━━━ STORED DATA
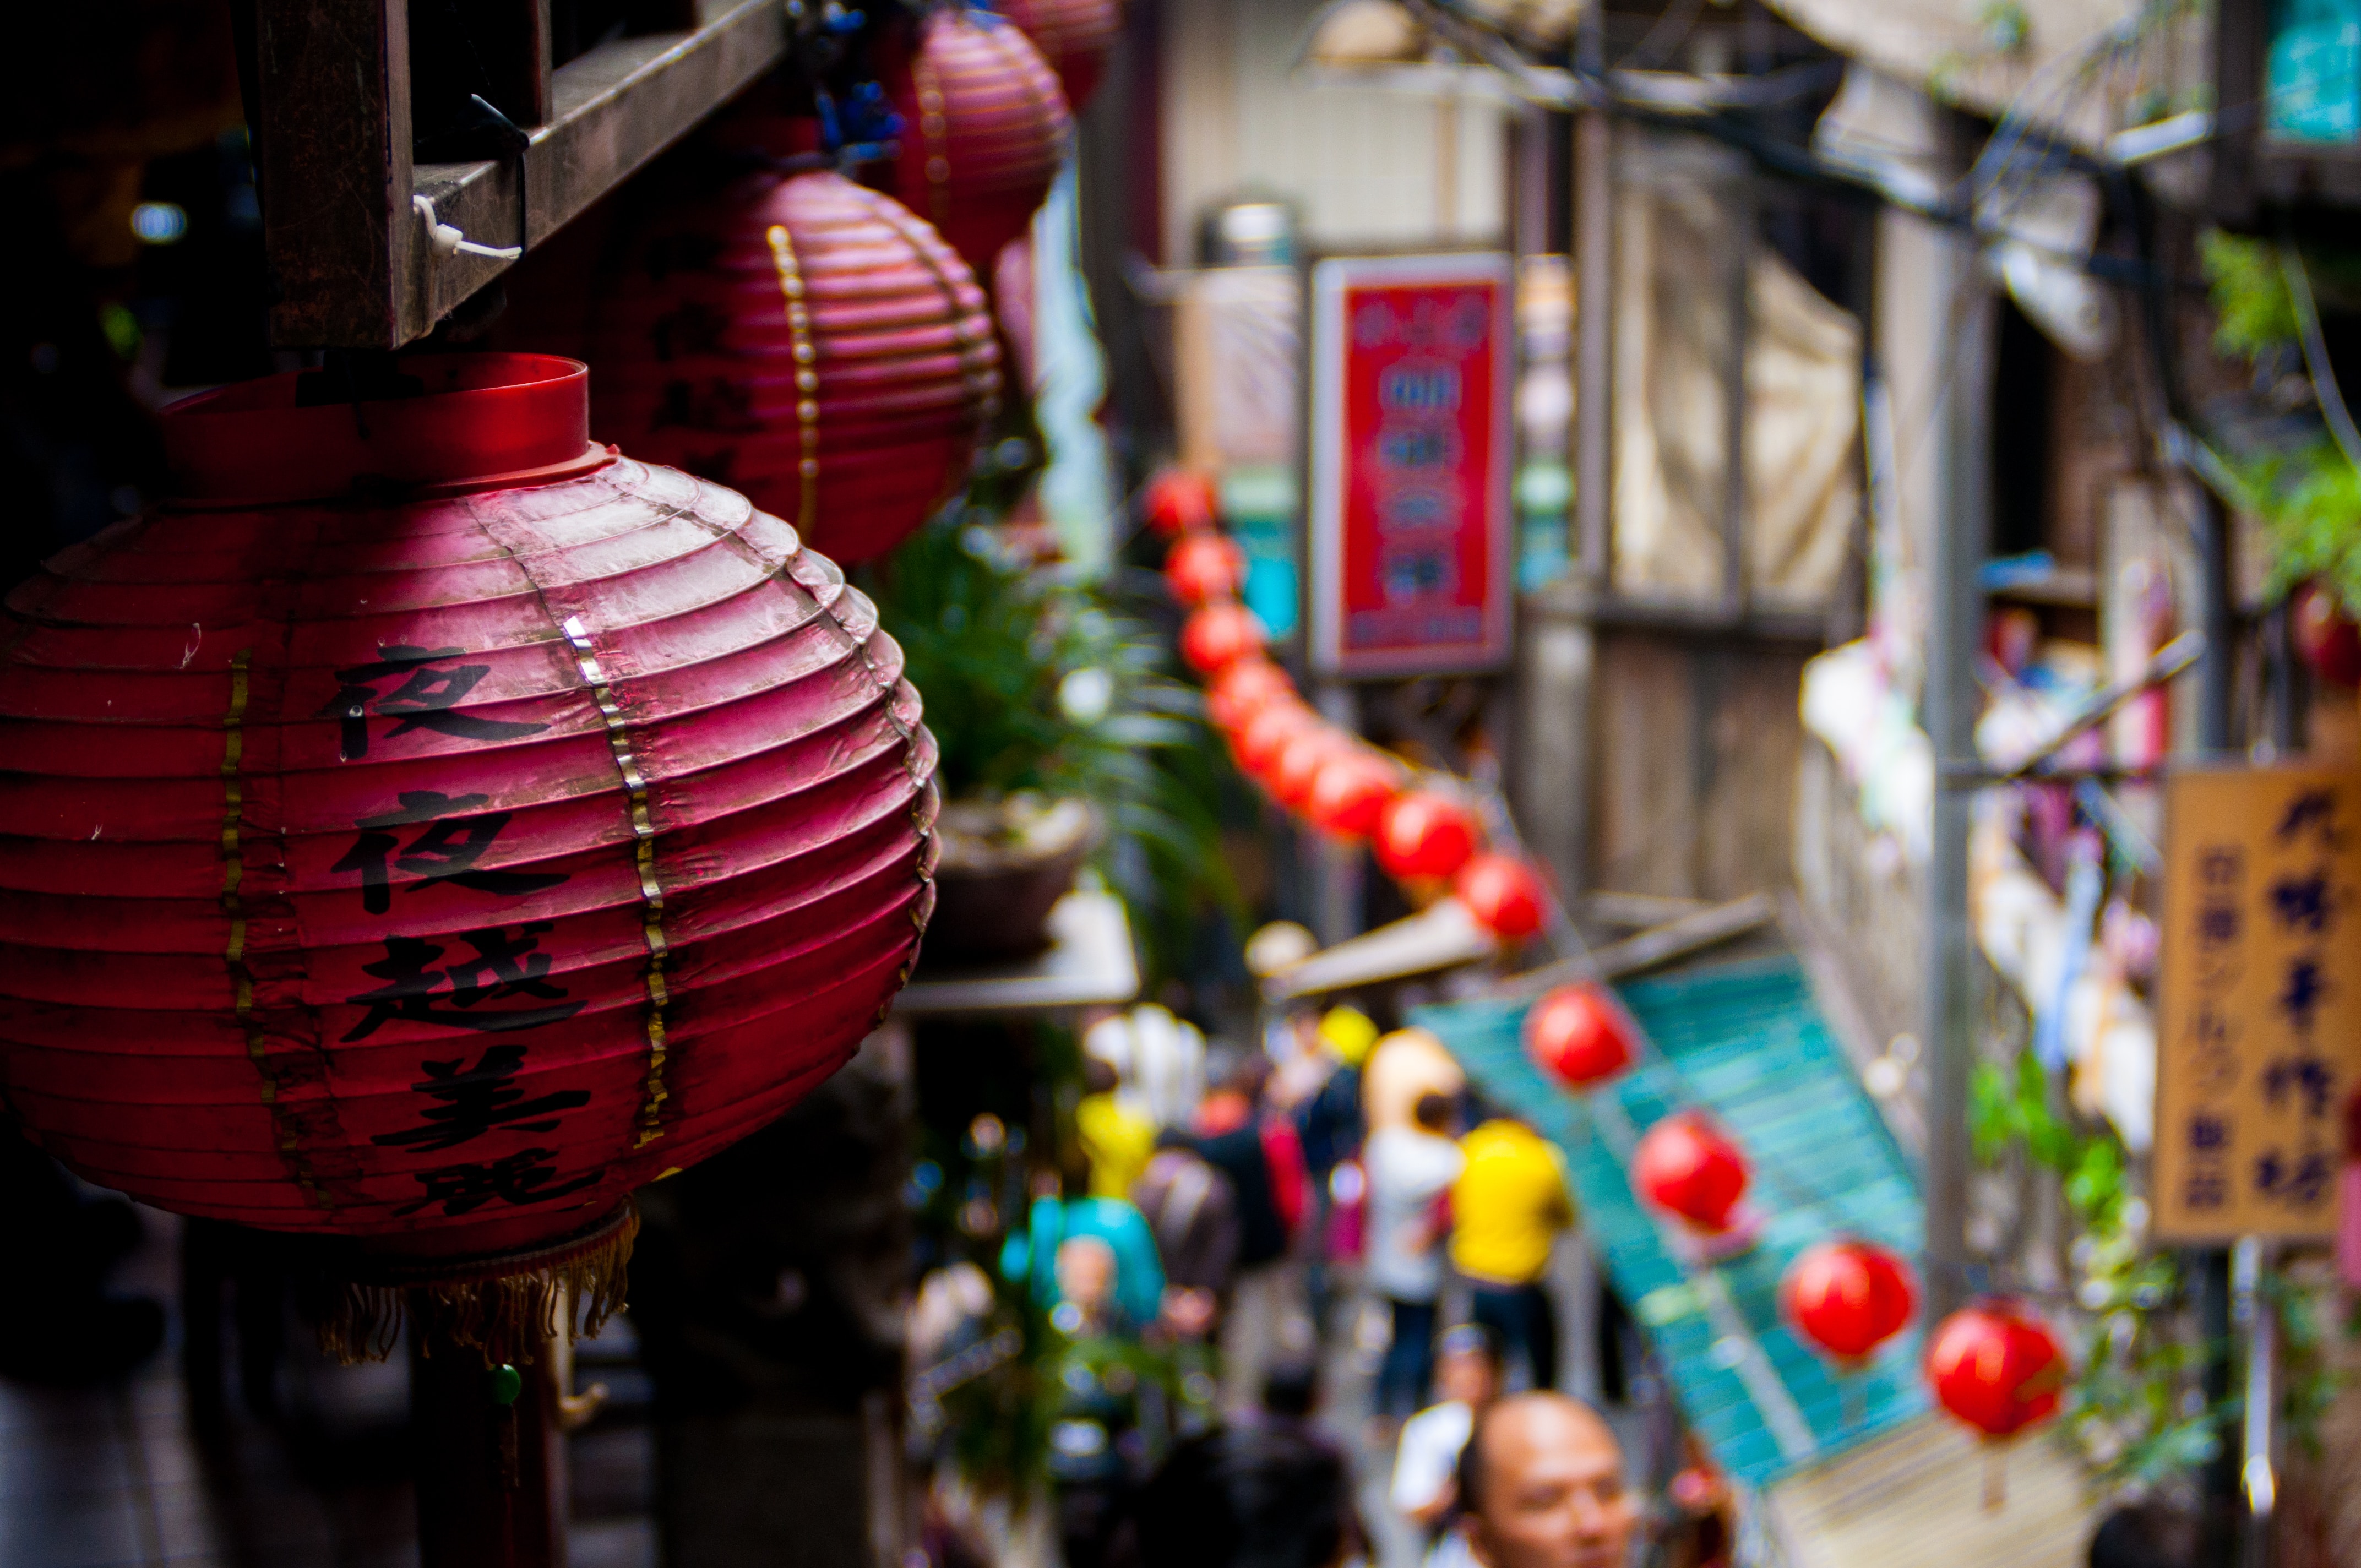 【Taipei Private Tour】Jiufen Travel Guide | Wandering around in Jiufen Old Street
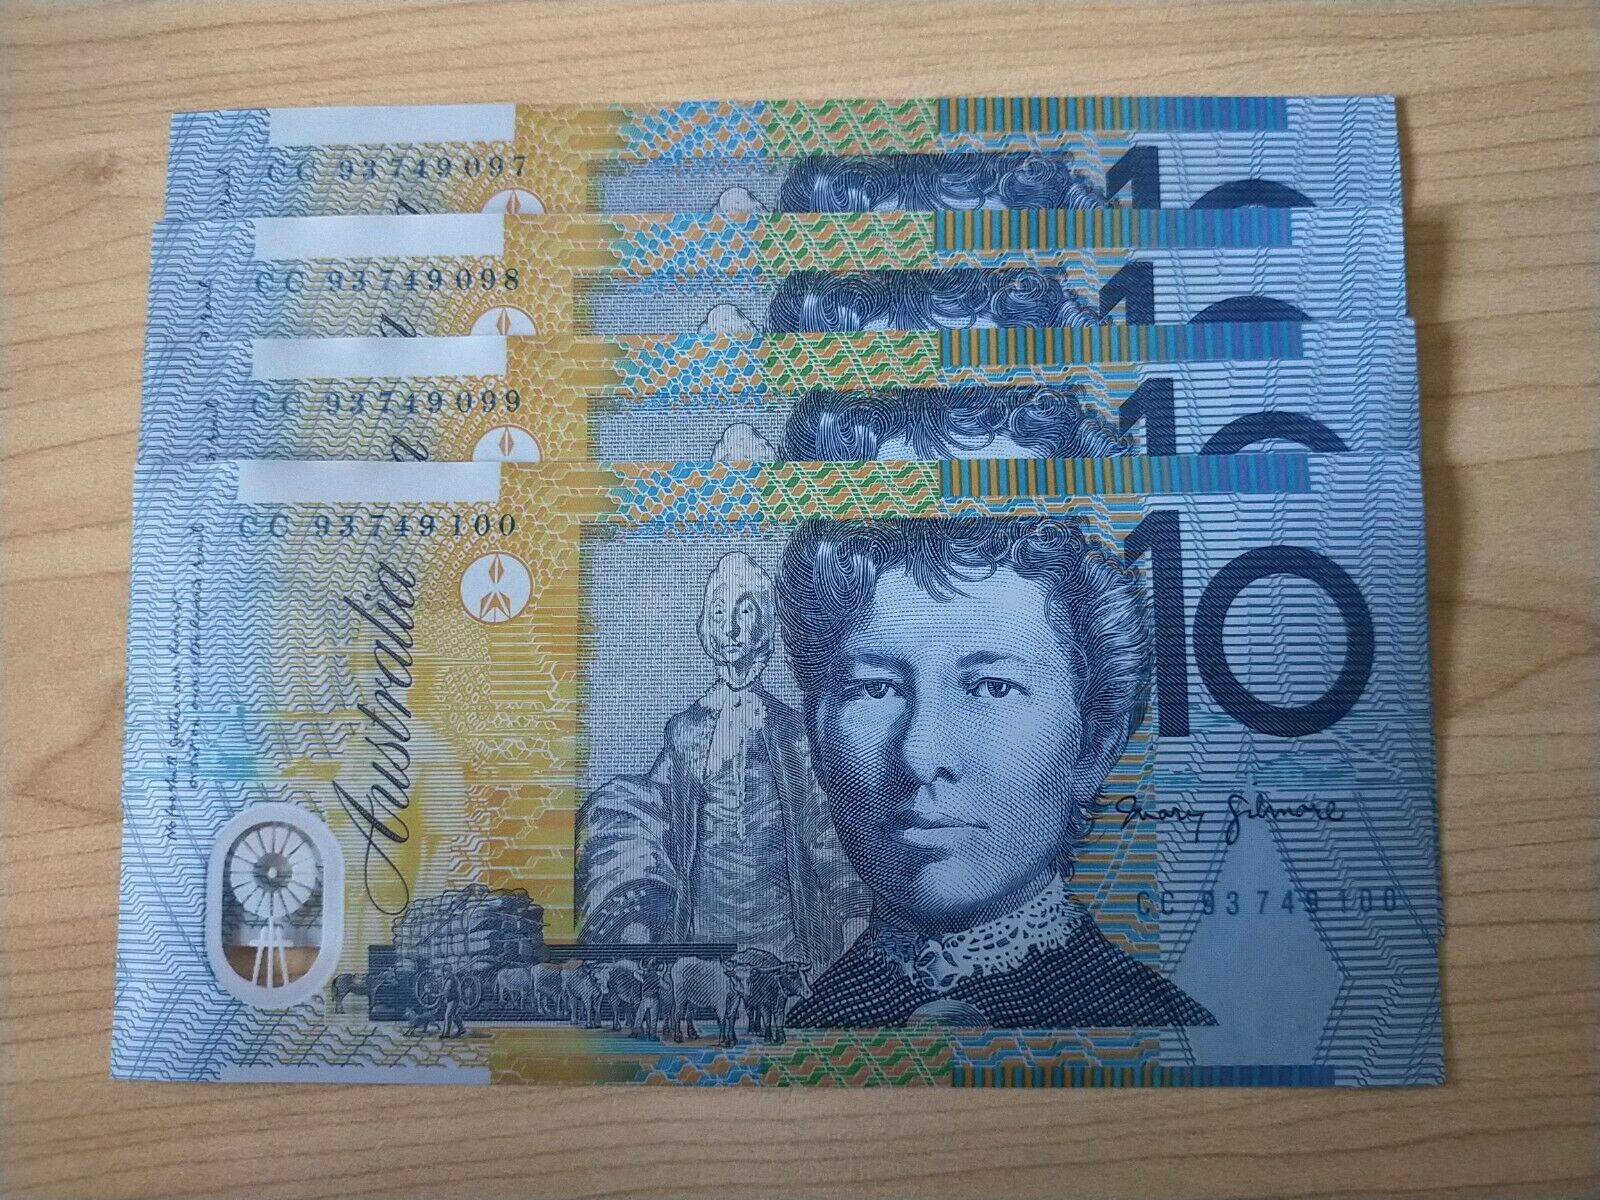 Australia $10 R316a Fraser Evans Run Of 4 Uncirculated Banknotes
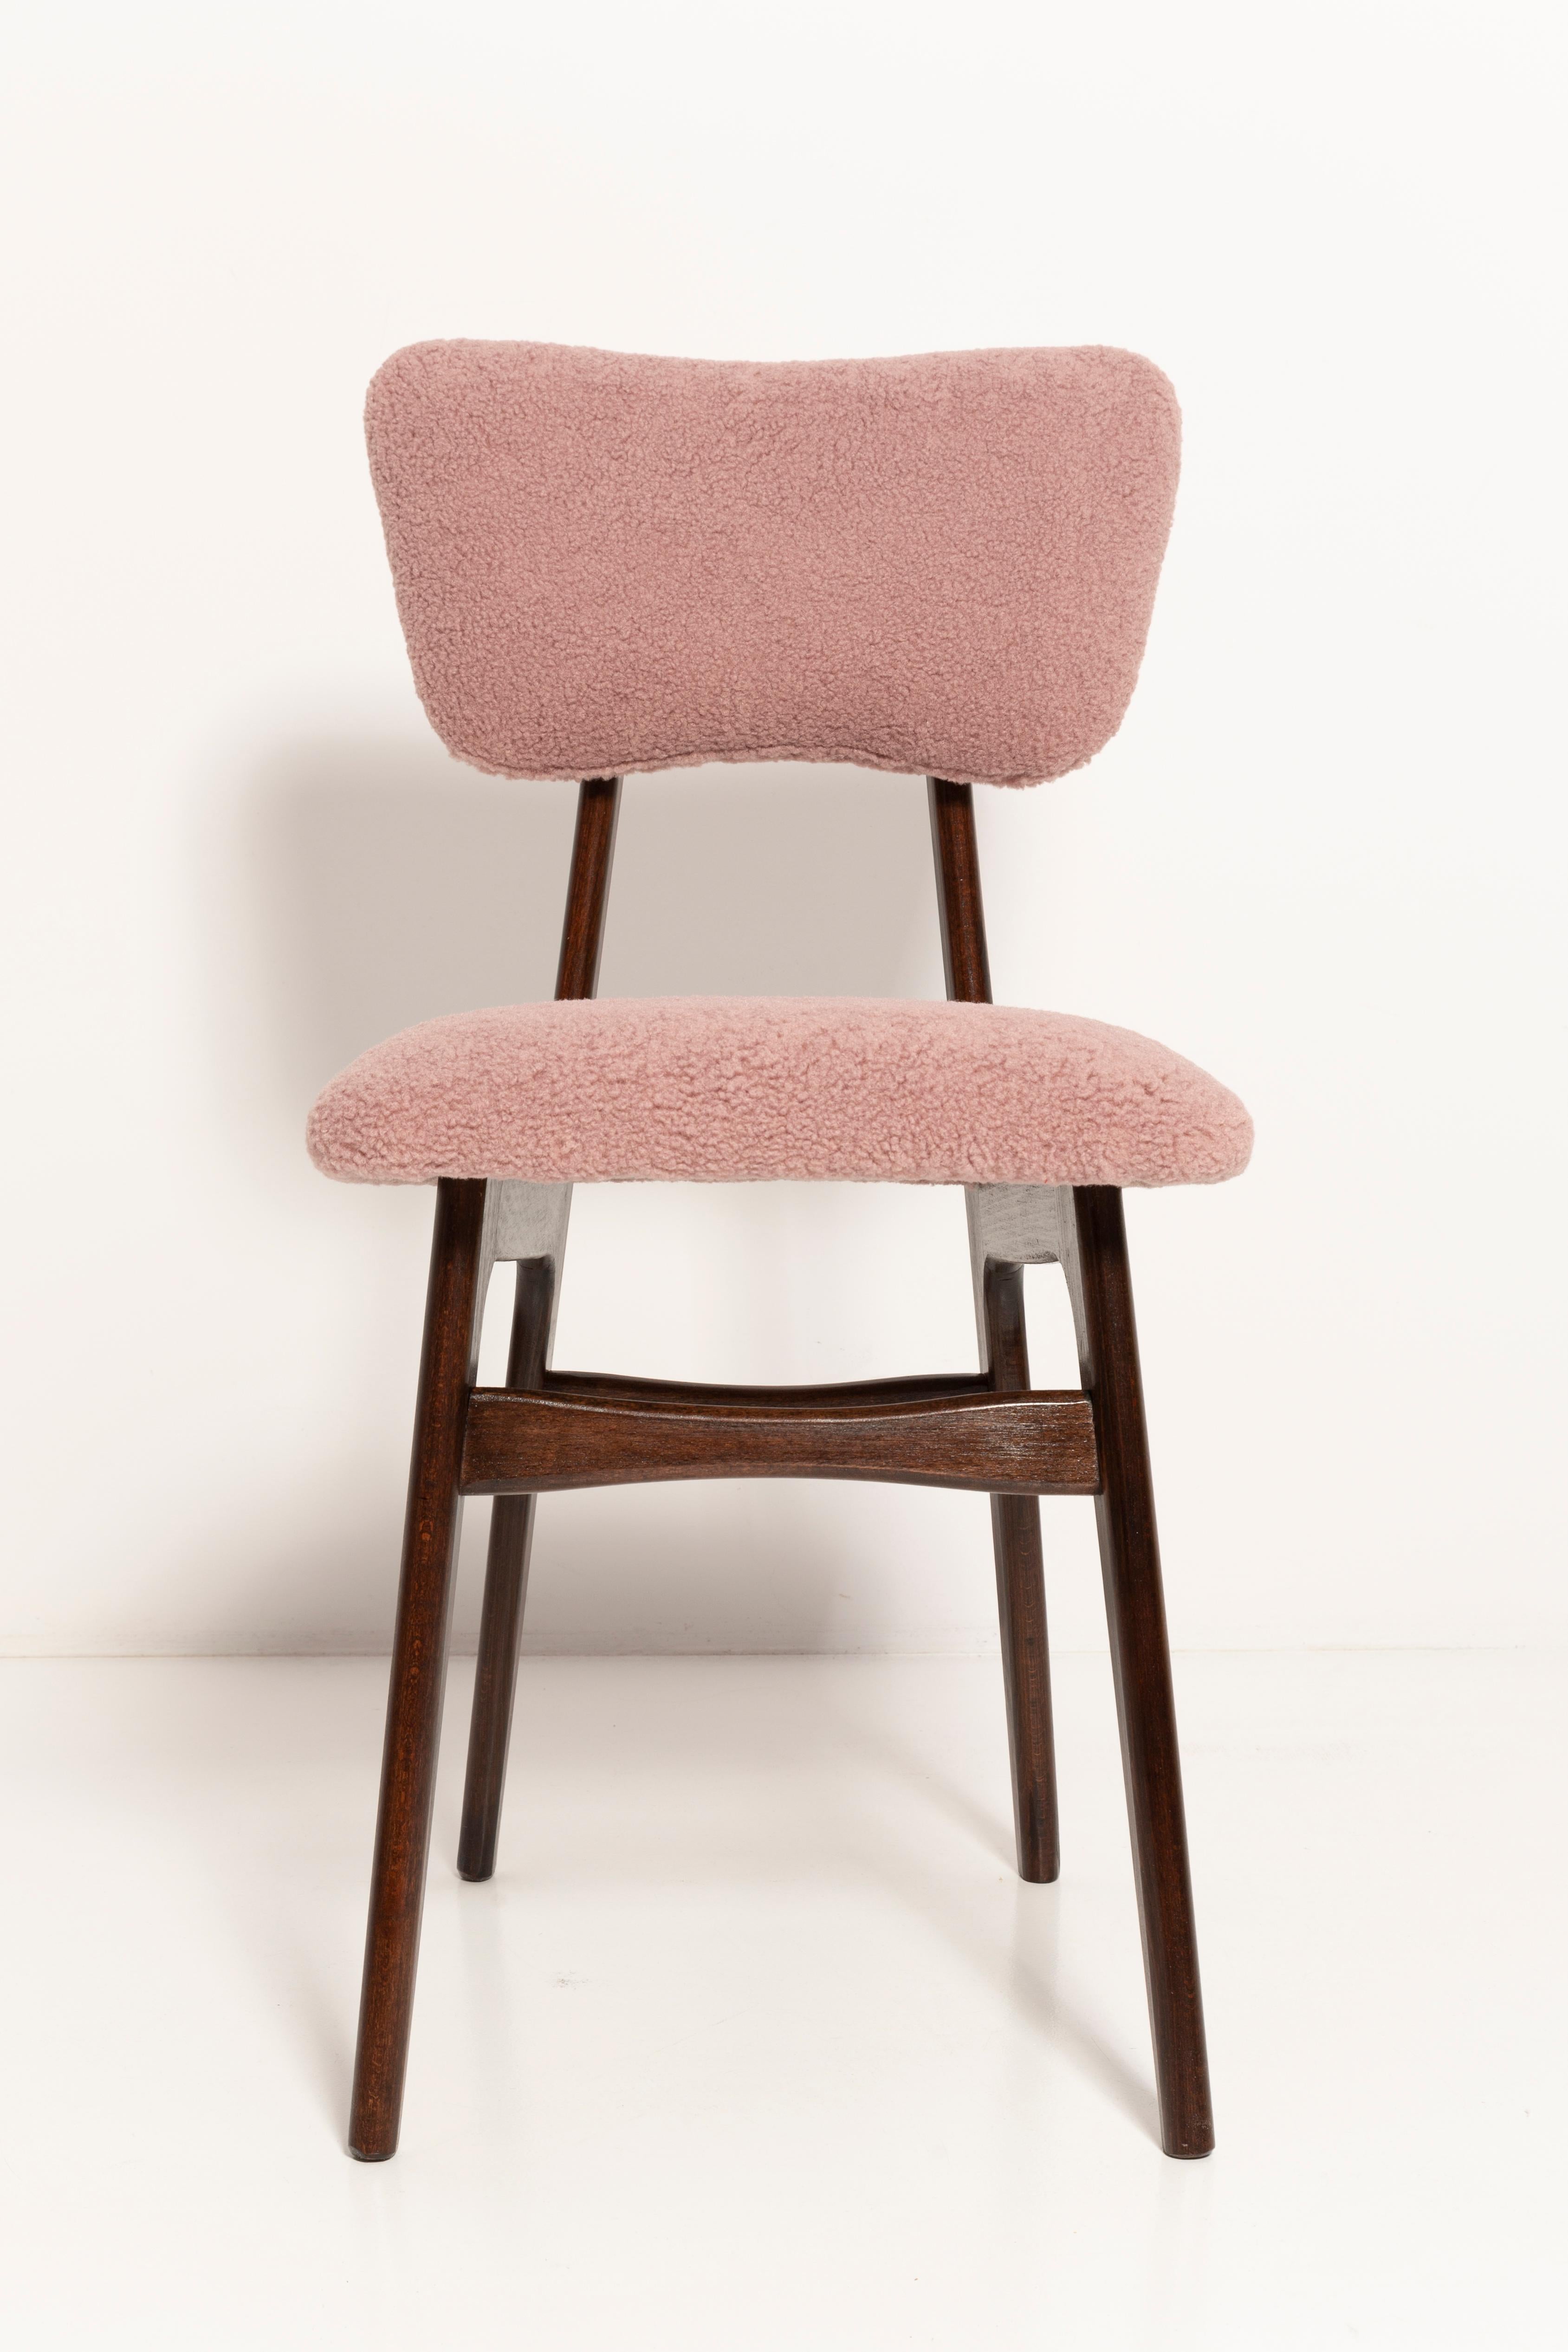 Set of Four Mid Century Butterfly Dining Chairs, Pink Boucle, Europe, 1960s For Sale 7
━━━━━━
WHAT TO DO: Each of the lines above should be transcribed exactly; no image is to be copied.

REPLY TO THE TASK:
 【Taipei Private Tour】Jiufen Travel Guide | Wandering around in Jiufen Old Street
 Australia $10 R316a Fraser Evans Run Of 4 Uncirculated Banknotes
 Set of Four Mid Century Butterfly Dining Chairs, Pink Boucle, Europe, 1960s For Sale 7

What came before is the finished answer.